Compliance with state, national and international regulations is a vital part of succeeding in business today.
- Conducted an internal investigation for an international construction company in connection with environmental compliance, quality control and billing issues, and negotiated favorable resolution on behalf of the company with the DOJ.
- Prepared code of business ethics and key risk compliance policies covering anti-corruption, insider trading, anti-money laundering, data privacy, government contracts, and whistleblower procedures for domestic and international financial institutions, technology companies and global manufacturing firms.
- Conducted compliance risk assessment and management training regarding antitrust, export controls, anti-corruption and anti-money laundering for a Germany-based manufacturing company with operations in the United States.
- Developed anti-corruption internal assessment protocols and plans for a global energy company to assess compliance in high-risk jurisdictions.
- Assessed and optimized a major bank’s global compliance on data privacy, government contracts, FCPA and other regulatory compliance matters in connection with the firm’s appointment as monitor of a non-prosecution agreement between the DOJ and Mellon Bank, N.A.
- Advised a global credit card brand on export control gap analysis and inventory in preparation for its establishment and implementation of a comprehensive export control compliance program.
- Appointed by the DOJ to serve as independent examiner of the Bank of New York to monitor the bank’s procedures regarding suspicious activity, reporting practices and anti-money laundering, as well as its compliance with related laws and regulations, reporting directly to the Offices of the U.S. Attorneys for the Southern and Eastern Districts of New York, the Federal Reserve Bank of New York, and the New York State Banking Department.
- Conducted FCPA related internal investigation and enhanced internal anti-corruption and compliance protocols on behalf of large U.S. defense contractor in connection with Russian resellers distributing its products to foreign government end users.
- Developed and implemented EU General Data Protection Regulation (GDPR) compliance programs for numerous US and international organizations, including GDPR applicability analysis, data mapping, data transfer mechanisms, consent mechanisms, “right to be forgotten,” data security assessments, breach response programs, selection of Data Protection Officers, and employee training.
- Provided a consortium of more than 40 companies with organizational advice centered on AI and related third-party consulting regarding data collection and use, algorithm development, IP ownership and licensing, data privacy and security impact, data lake development, data flows and use of limited data sets and de-identified data, and algorithm application, as well as monetization considerations and related contracting.

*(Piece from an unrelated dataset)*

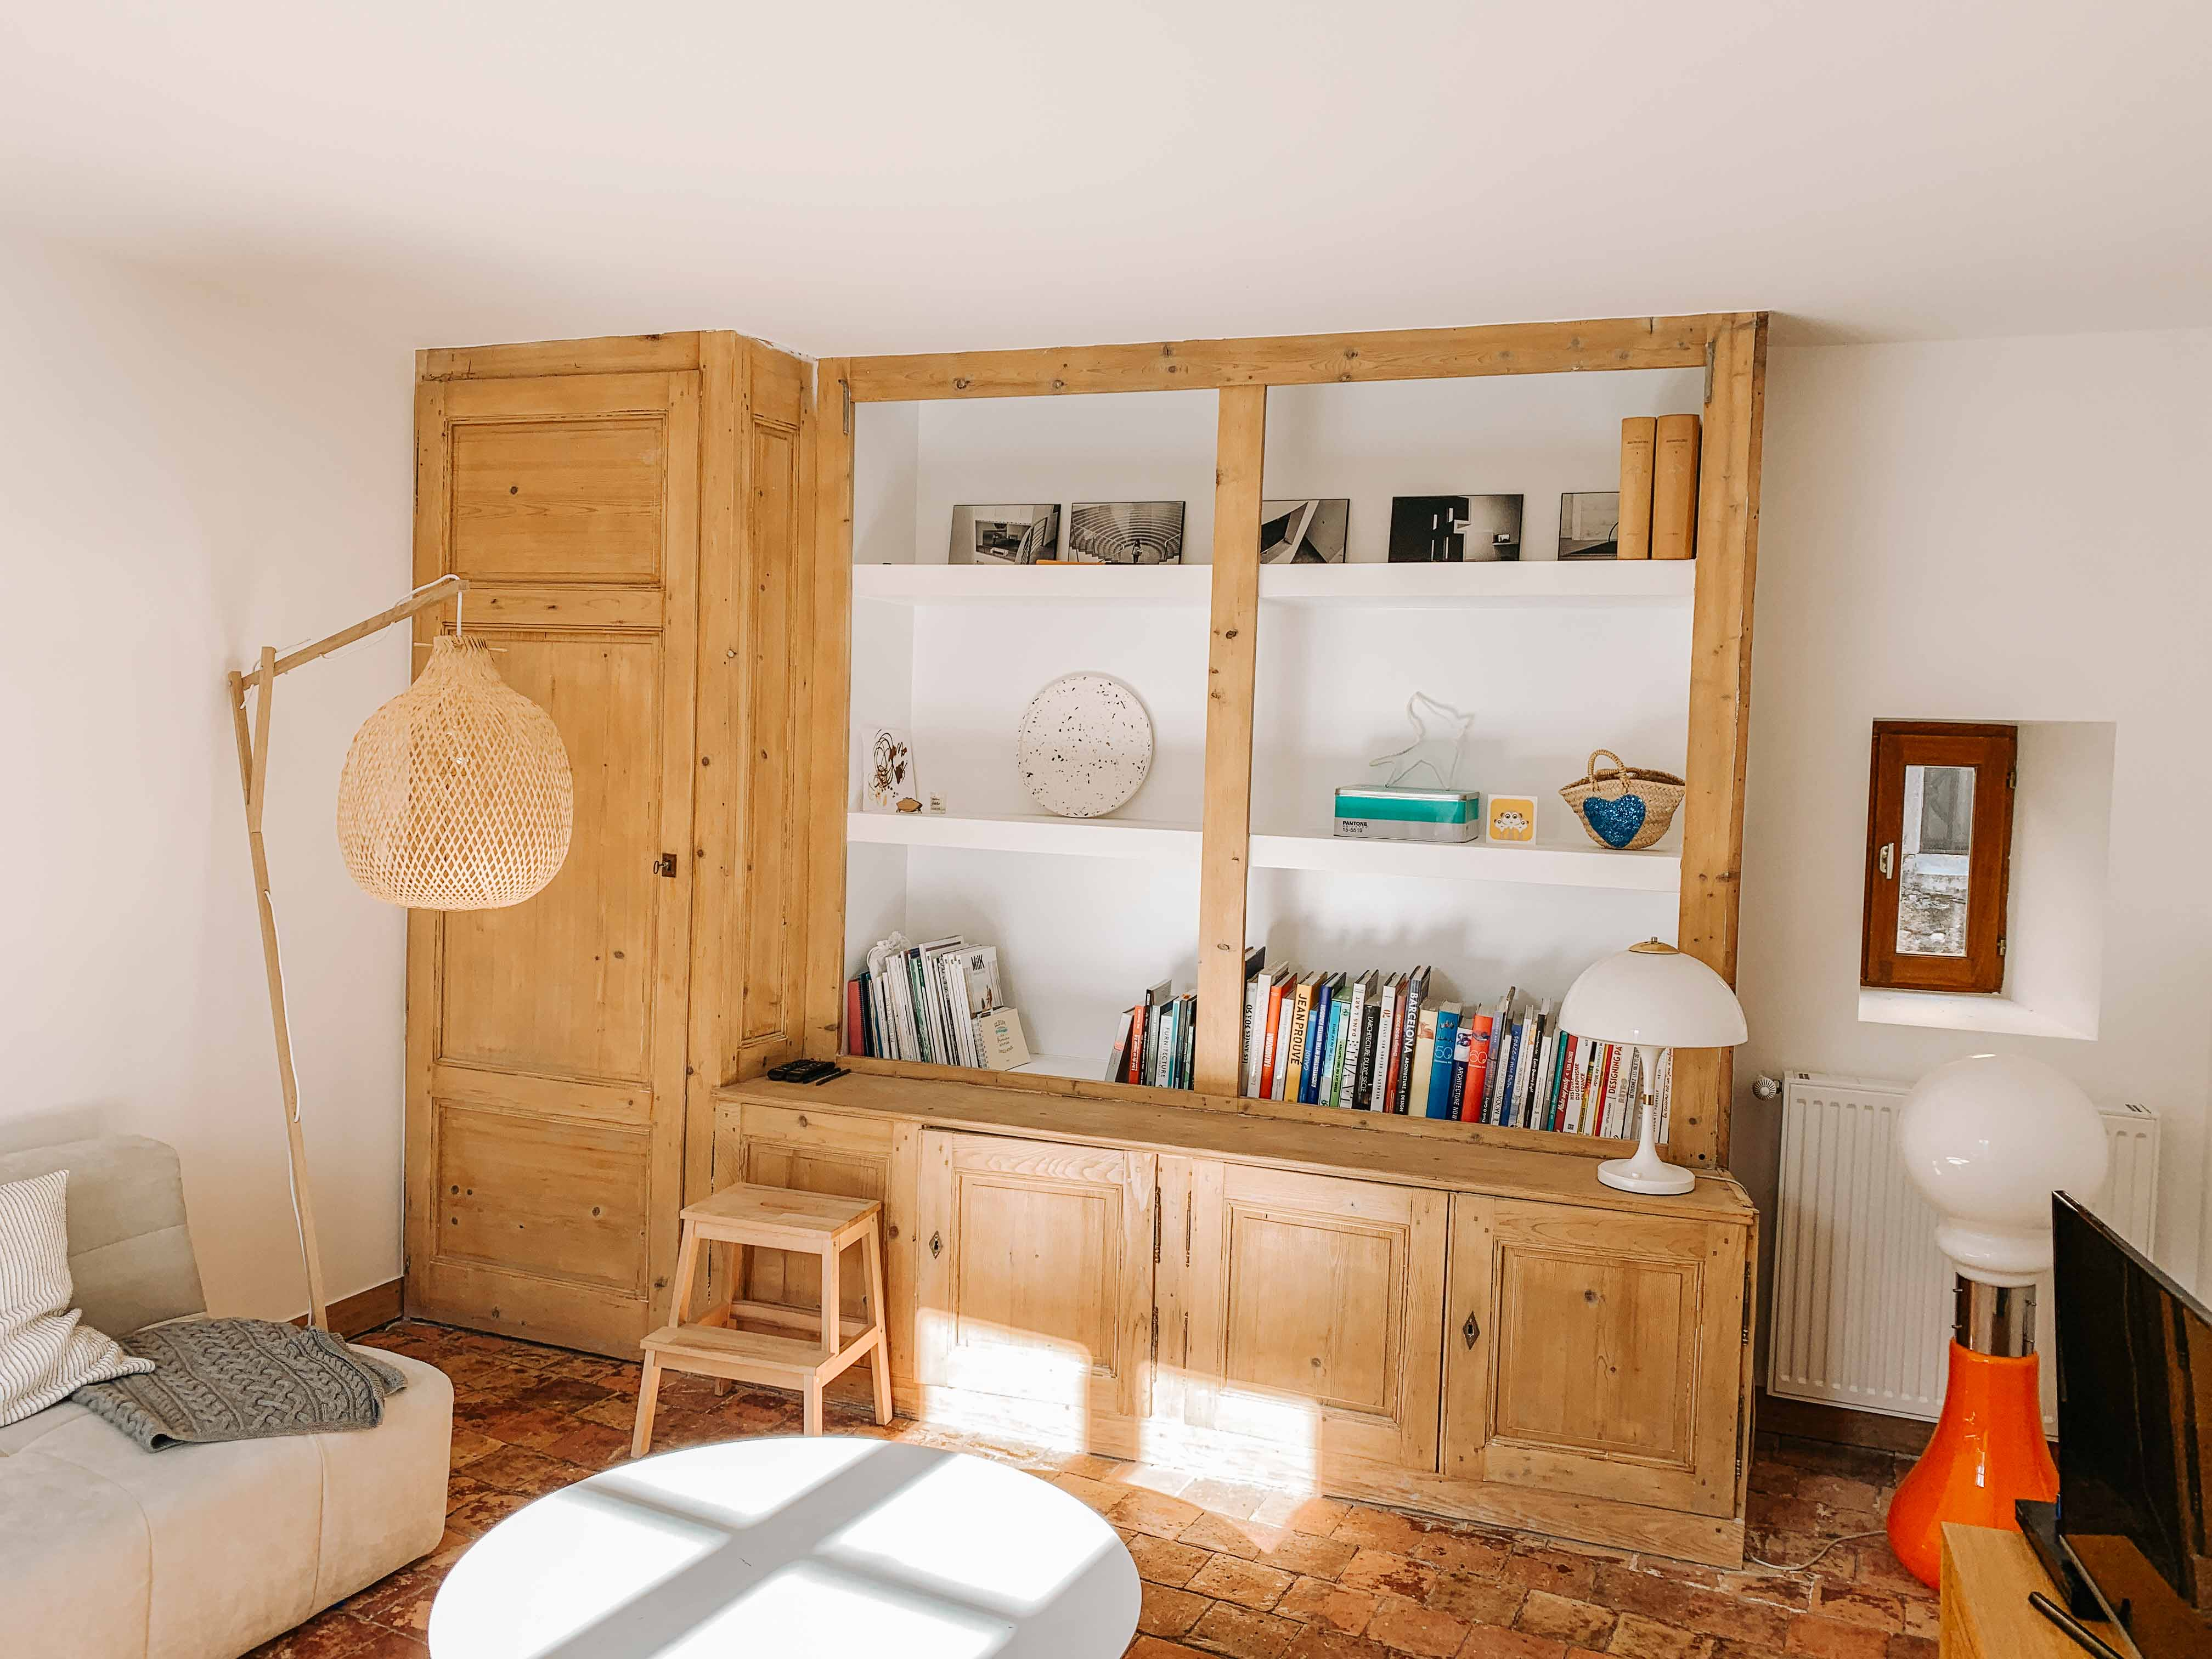 architecte-lyon-rénovation-presbytere-marcilly-azergues-pierre-dorée-25

- Counseled various clients regarding use of AI for information governance/record remediation work.
- Advised on strategic company planning and contracting guidance related to AI and advanced analytic dashboard development for an organization’s spinoff operations intersecting with cloud storage, data privacy and third-party responsibilities.
- Developed internal AI policy and practice materials for contractor and staffing agency with significant privacy policy development intersections.
- Developed Data Protection Impact Assessment (“DPIA”) tools designed to support U.S. and EU requirements to identify and mitigate risks associated with the use of automated decision-making.
- Advised clients on requirements and strategies to comply with new U.S. state privacy laws requiring the right to optout of automated decision-making affecting consumer and employee data processing activities.
- Advised clients on the liability implications of providing generative AI tools to users, including DMCA platform safe harbor protections and contractual limitations.